I do appreciate you taking the time to make this thread, and you do have some good information. However, there one point you make that is just plain wrong.
This is the biggest issue I have with your info. Titanium is in fact a lousy conductor. You acknowledged that copper is a superior conductor, but without numbers people might not understand the ENORMOUS difference. Taken from
http://www.engineeringtoolbox.com/thermal-conductivity-d_429.html. Copper has a thermal conductivity of 401
W/(m.K). Aluminum is 205
W/(m.K). Titanium is a mere 22
W/(m.K). In fact, aluminum is almost ten times as thermally conductive as titanium. And copper is close to twenty times more thermally conductive. Among metals, titanium is decidedly BELOW average in thermal conductivity.
The difference in electrical conductivity is similar. Aluminum is fifteen times as electrically conductive, and copper over 30 times as electrically conductive, compared to titanium.

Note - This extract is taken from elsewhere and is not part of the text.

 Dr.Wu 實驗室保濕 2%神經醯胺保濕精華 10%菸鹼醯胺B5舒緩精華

There is no way you can say that titanium "conducts well" when you look at the numbers. This also happens to be among the most important properties in flashlights. Low electrical conductivity means you waste more power if you use a titanium body as part of the circuit, as many lights do. And arguably even more important, you have to substantially reduce drive levels if you build a light body out of titanium, or it will overheat. It just isn't capable of spreading the thermal load like aluminum or copper.

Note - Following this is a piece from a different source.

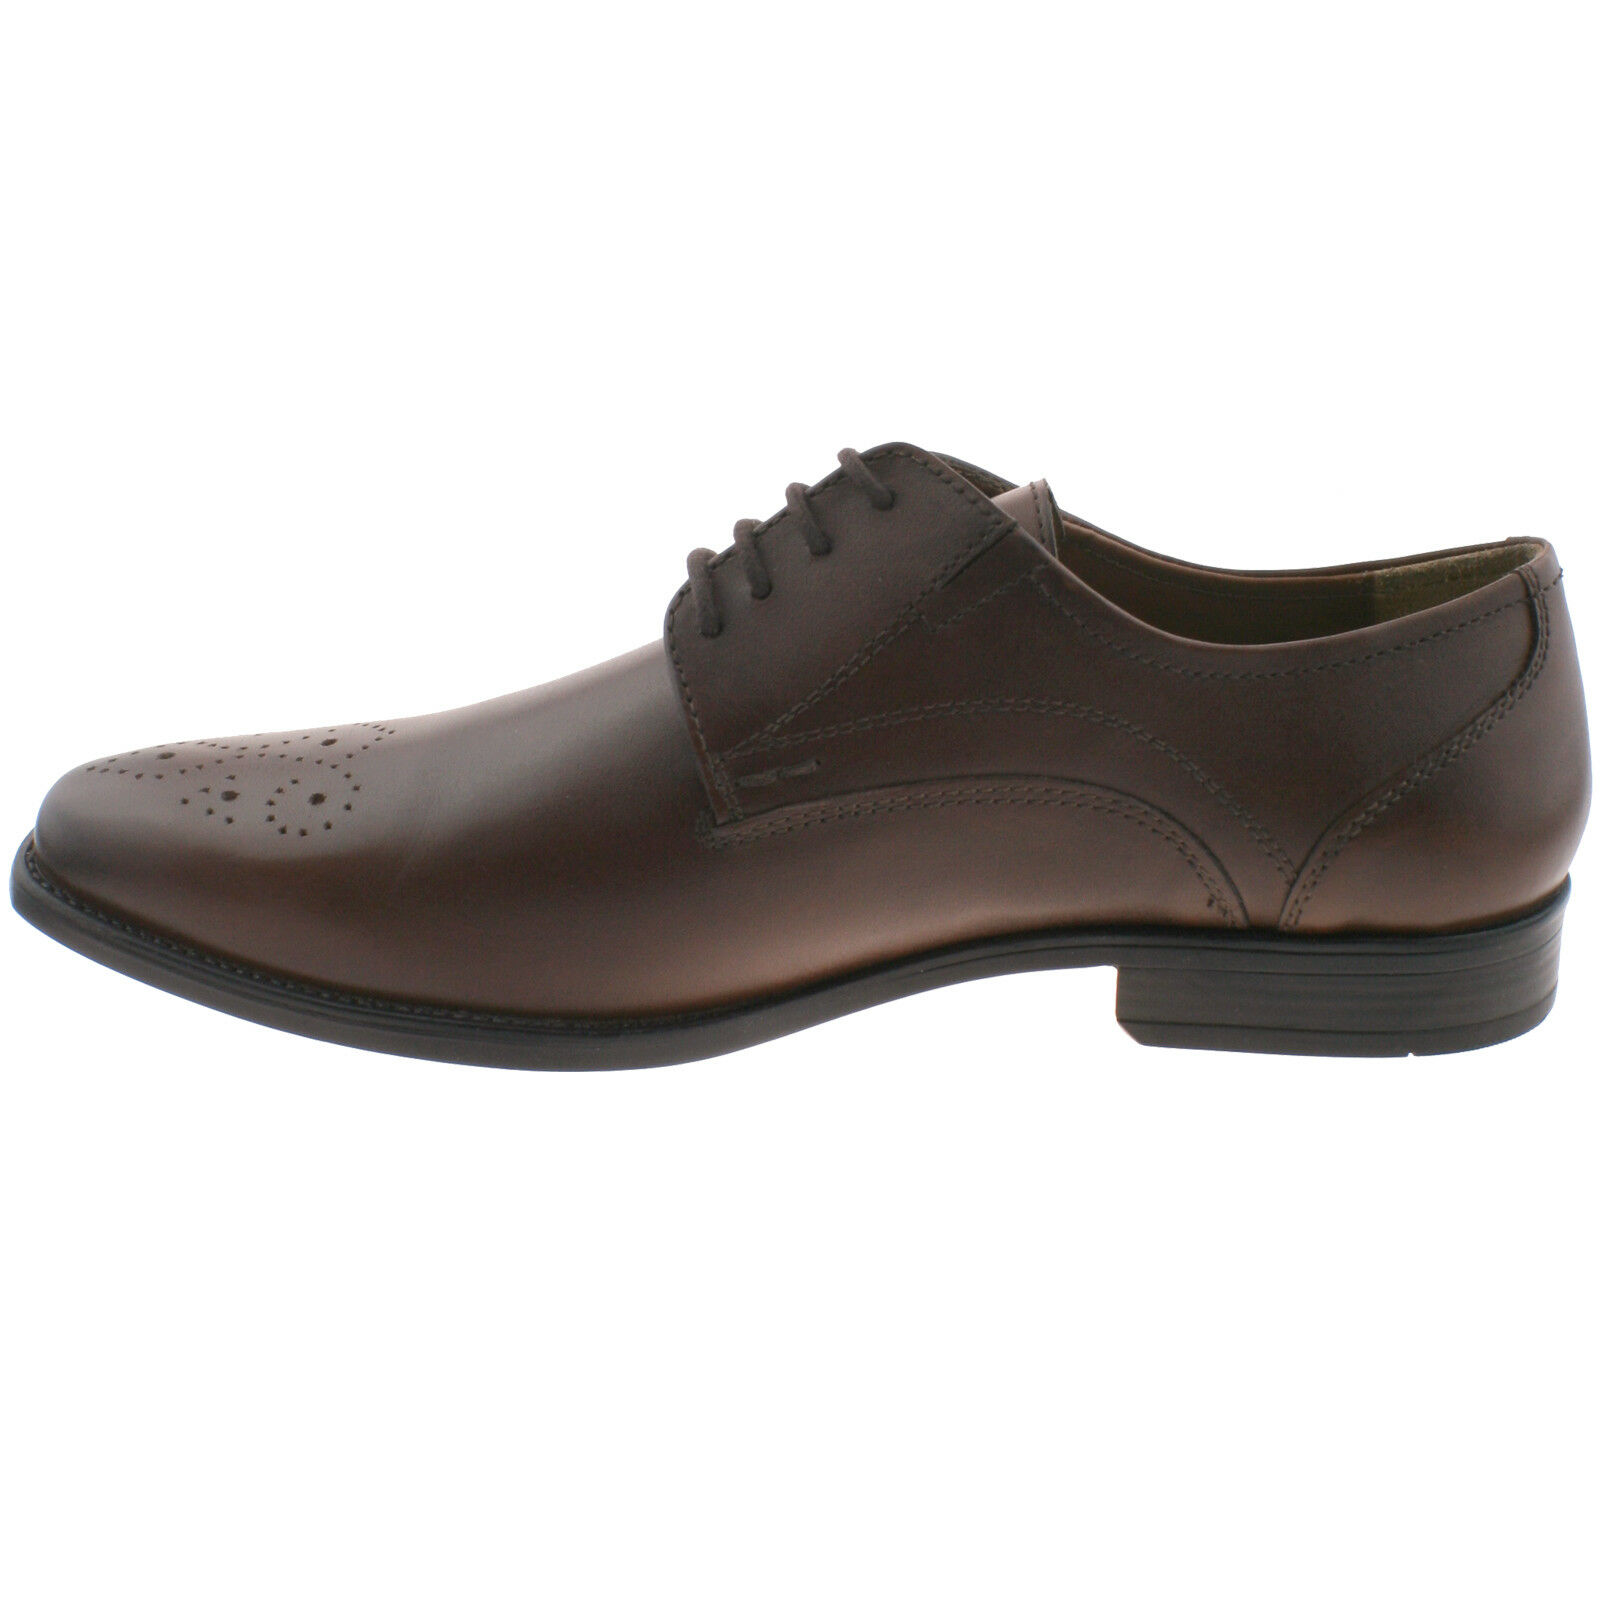 Da Uomo LOT  rifiniture marroni in in pelle stringati in in Memory Foam ufficio SMART Shoes 1b4faa

I am in fact a huge fan of titanium...ever since I learned about the SR-71 Blackbird. A design like that would not have been possible without titanium. But I don't think we should pretend it is a miracle metal...like all others, it has advantages and disadvantages. And frankly, in my opinion, for flashlights, the advantages of copper or aluminum are more suited.
thedoc007,
Titanium is a good conductor of electricity compared to a great many materials. It is a metal; it's kind of in the job description. Yes, relative to other metals, titanium is
relatively poor at conducting electricity. But total resistance is determined by resistivity and the geometry (i.e. the volume involved). You can achieve the same total circuit resistance by less of a very good conductor (such as copper) or more of a less good conductor (such as titanium). But in the case of a flashlight BODY, there is a LOT of material! If I tell you that the total resistance is, say, 0.01 ohms total for a titanium flashlight body, and .0001 ohms for copper, you could say that the resistance of titanium is a
hundred times higher! OMG! But I could say--with equal truth, and more relevance--that the resistance of both of them is very low relative to other resistances in the circuit. And that is in fact the case here. And more importantly, the contact resistances and resistances of the oxides are more significant, and here titanium has a decided advantage.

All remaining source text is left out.